# Problem statement
The listing below is to be duplicated exactly, with every picture omitted.

# Recorded information
*** Block opens ***
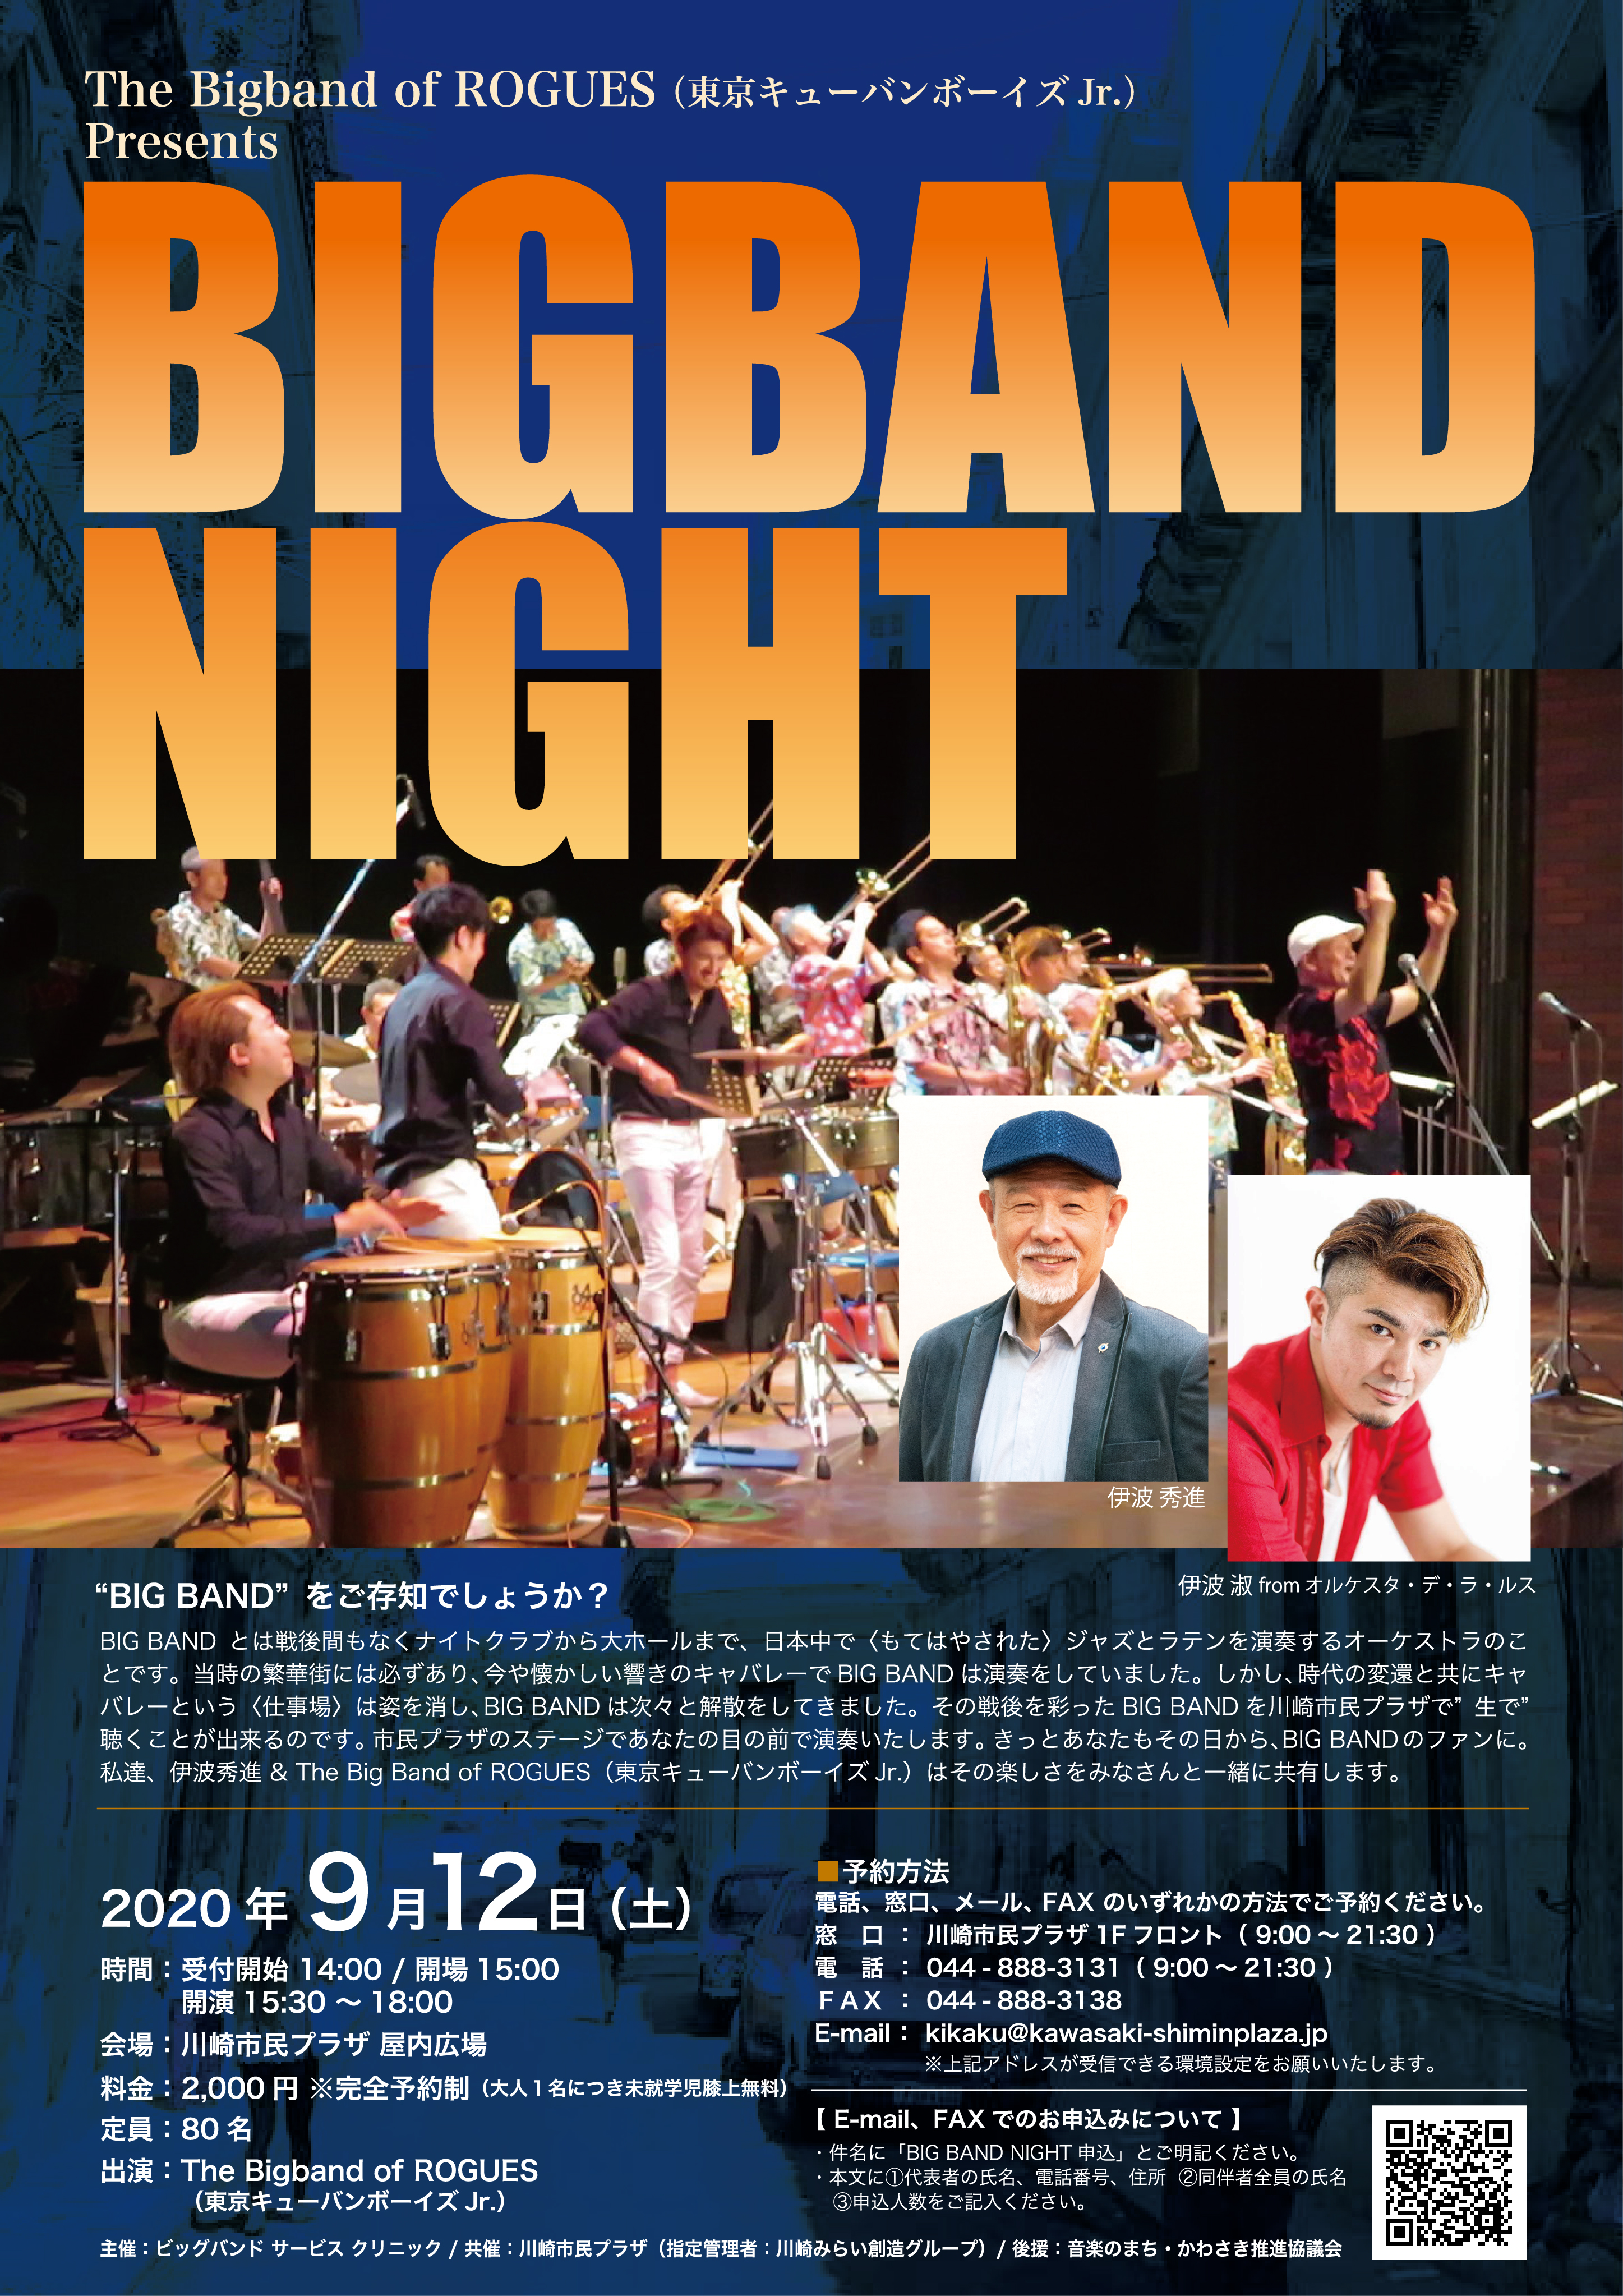 【2020年9月12日】BIG BAND NIGHT
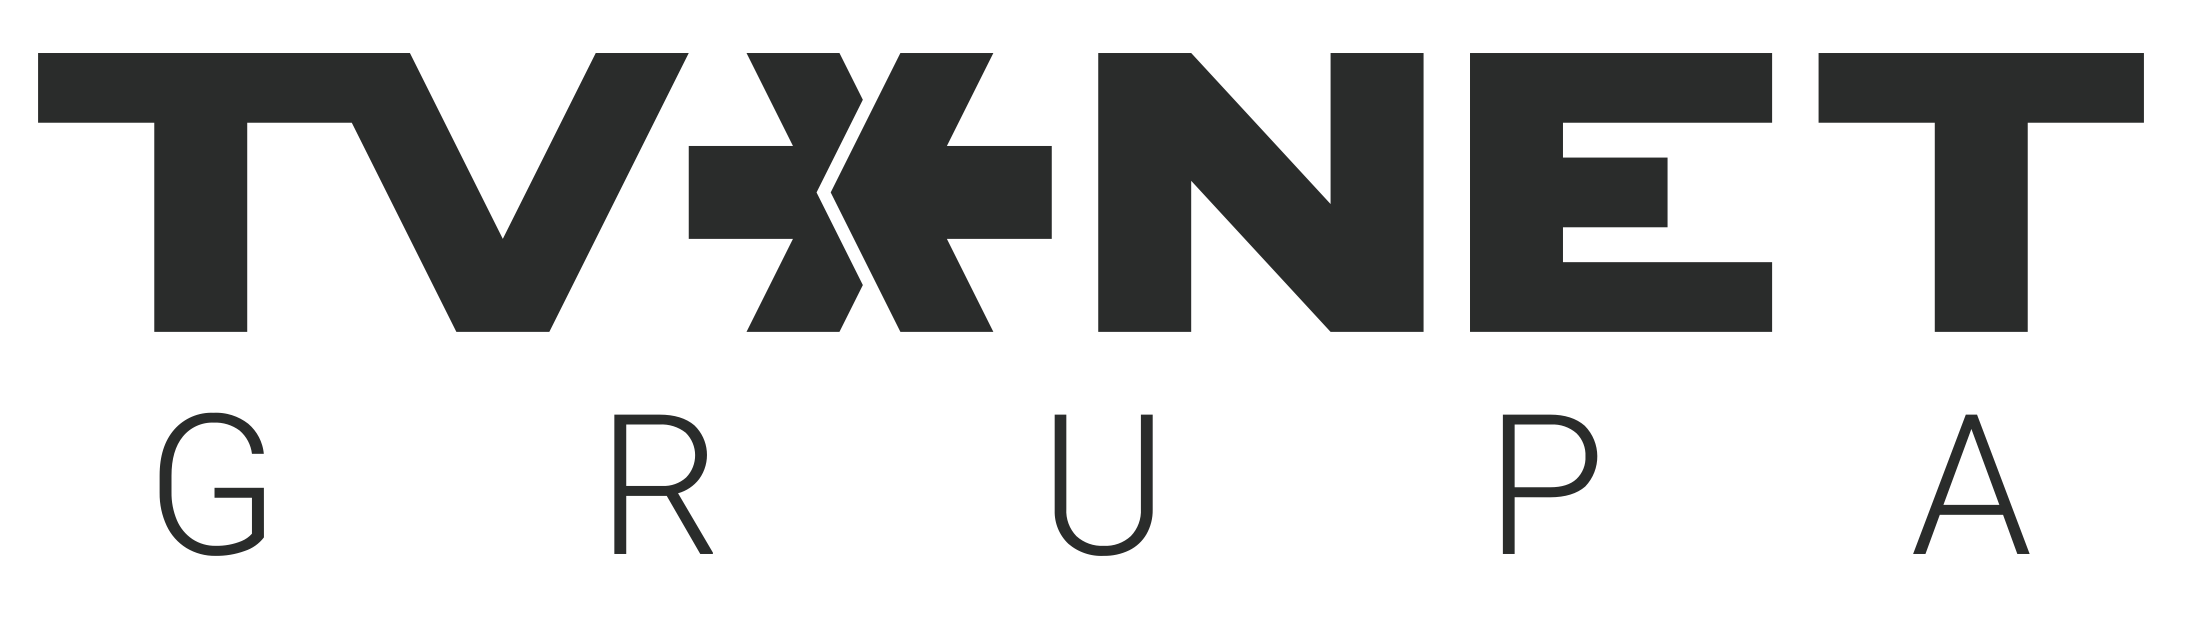 TVNET logo
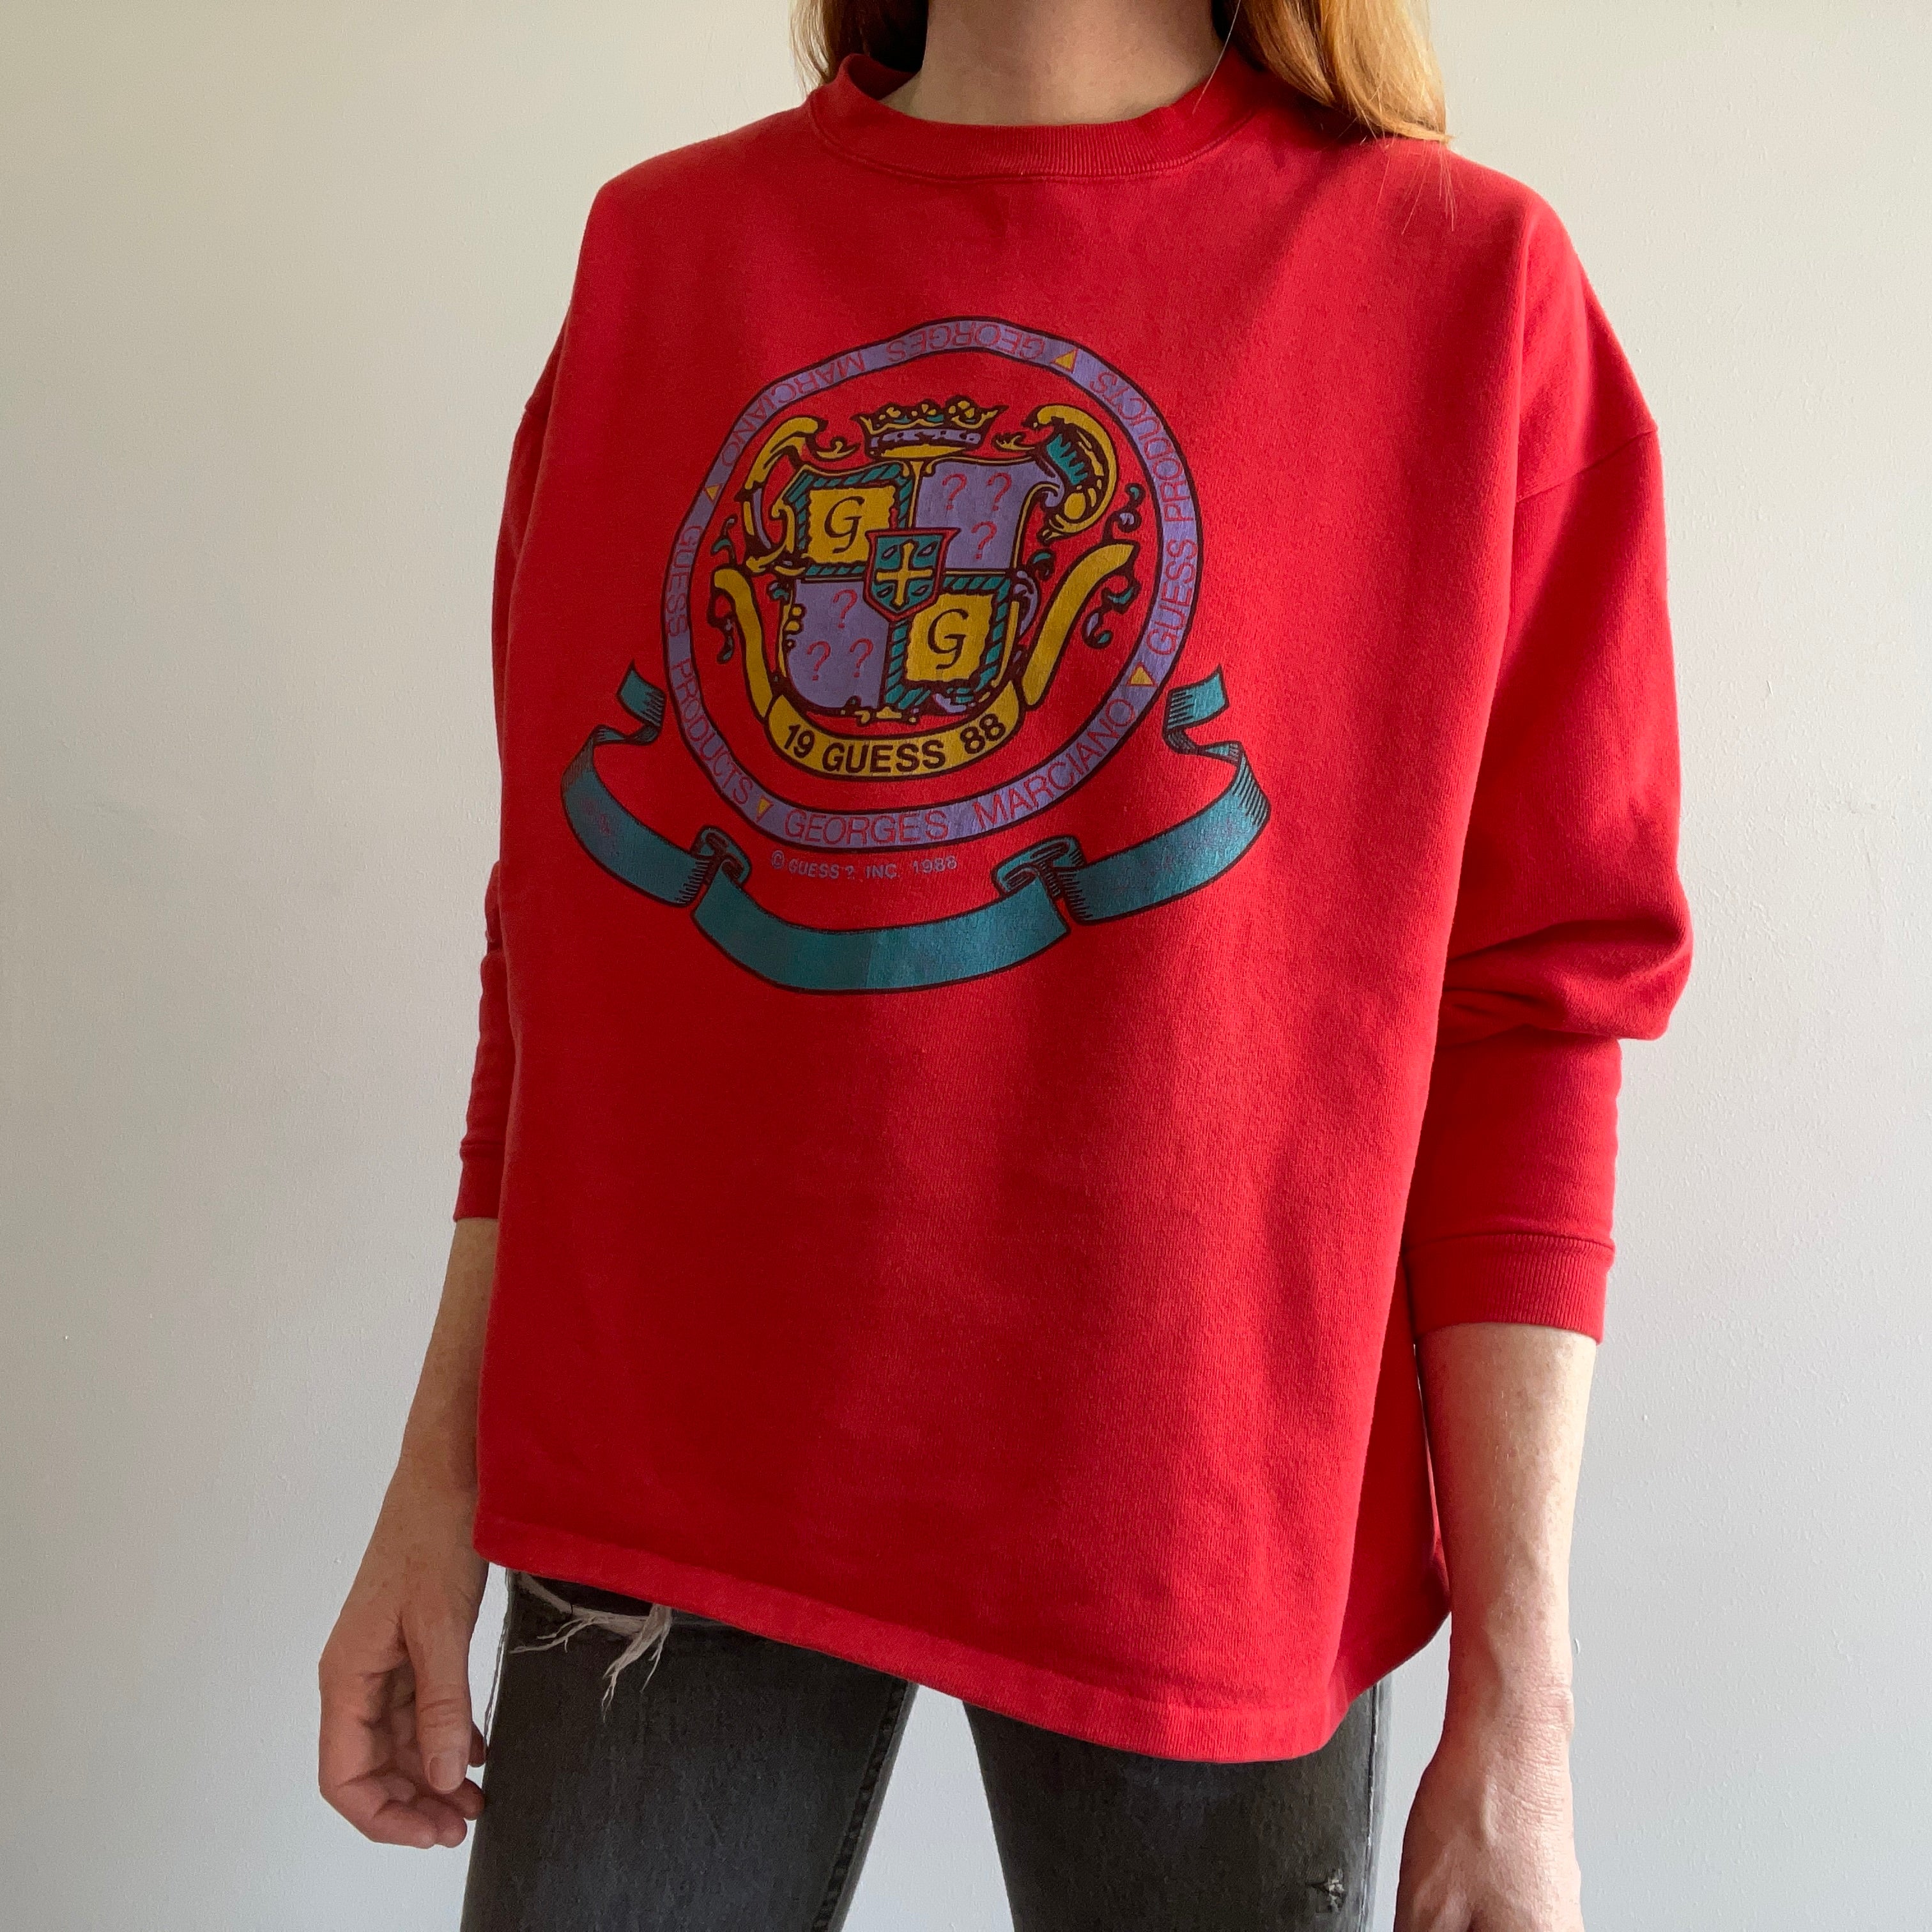 1988 Guess Sweatshirt - L'OG !!
*** Block closes ***
# Exercise answer
 【2020年9月12日】BIG BAND NIGHT
 TVNET logo
 1988 Guess Sweatshirt - L'OG !!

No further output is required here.